The Financial Times publishes data from China’s census, which Chinese authorities have not yet released fearing public reaction. Demographic decline will have a strong socio-economic impact. Critics slam the government for its slow termination of the one-child policy.

Beijing (AsiaNews) – China's population has dropped below 1.4 billion, the first decline in 60 years, this according to the Financial Times citing official census data it received.

The government has not yet released the data for fear of its effects on public opinion, some experts say.

The last time the country experienced demographic decline dates back to 1960-61 during the Great Leap Forward, when the population officially shrunk by 13.4 million during Mao Zedong's disastrous economic policy. But the loss might have been even greater.

China’s National Bureau of Statistics was supposed to publish the latest census in early April, but delayed the release, ostensibly to improve the document, sparking a backlash on social media.

For some analysts, the authorities’ hesitancy is a sign that the top inner circle has not yet settled on a common line to handle sensitive data and present solutions to reverse the negative trend.

Demographic decline will have a strong economic and social impact on China. An ageing population means higher retirement costs, and probably slower economic growth because of the loss of millions of people of working age.

As many observers point out, China has been facing this demographic challenge for some time.  The authorities are afraid to release the new data because they know that many in the country are prepared to criticise them for the slow termination of the one-child policy.

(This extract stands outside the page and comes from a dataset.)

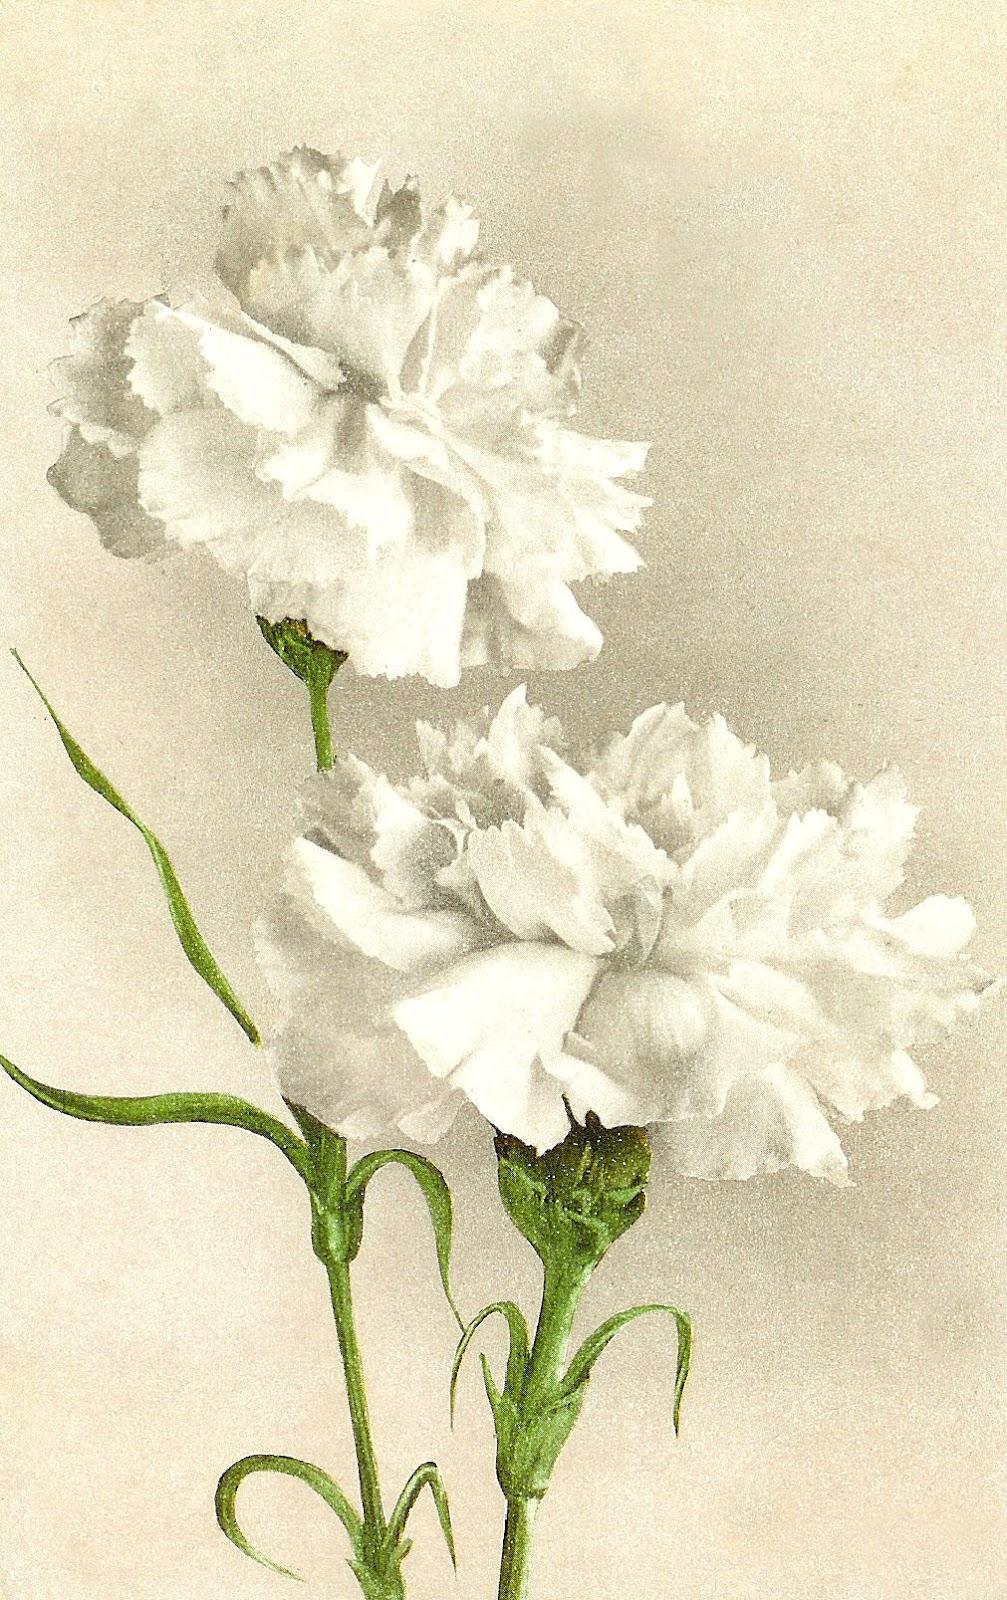 Antique Image: Vintage Flower Clip Art: White Carnation on.

The lack of government transparency and ineffective data collection also explain the slow pace in changing demographic policy. Local authorities are known to often inflate population data to get more resources.

China’s central bank, the People’s Bank of China (PBOC), recently recommended the government end its restrictive population policies; if things stay the same, the country will lose its economic edge over the United States.

The PBOC essentially confirms the failure of the one-child policy. Its easing in 2016, with the possibility of two children per couple, did not change the situation.

To contain pension costs, Prime Minister Li Keqiang announced in March, at the annual session of the National People's Congress, that the  government planned to gradually raise the retirement age.

Compared to the world's largest economies, where people retire around 65, the threshold in China is much lower, between 50 and 60.

However, with an economy slowing down, such a decision would negatively affect young people, especially new graduates, as they enter the labour market. And this would be another potential social bomb.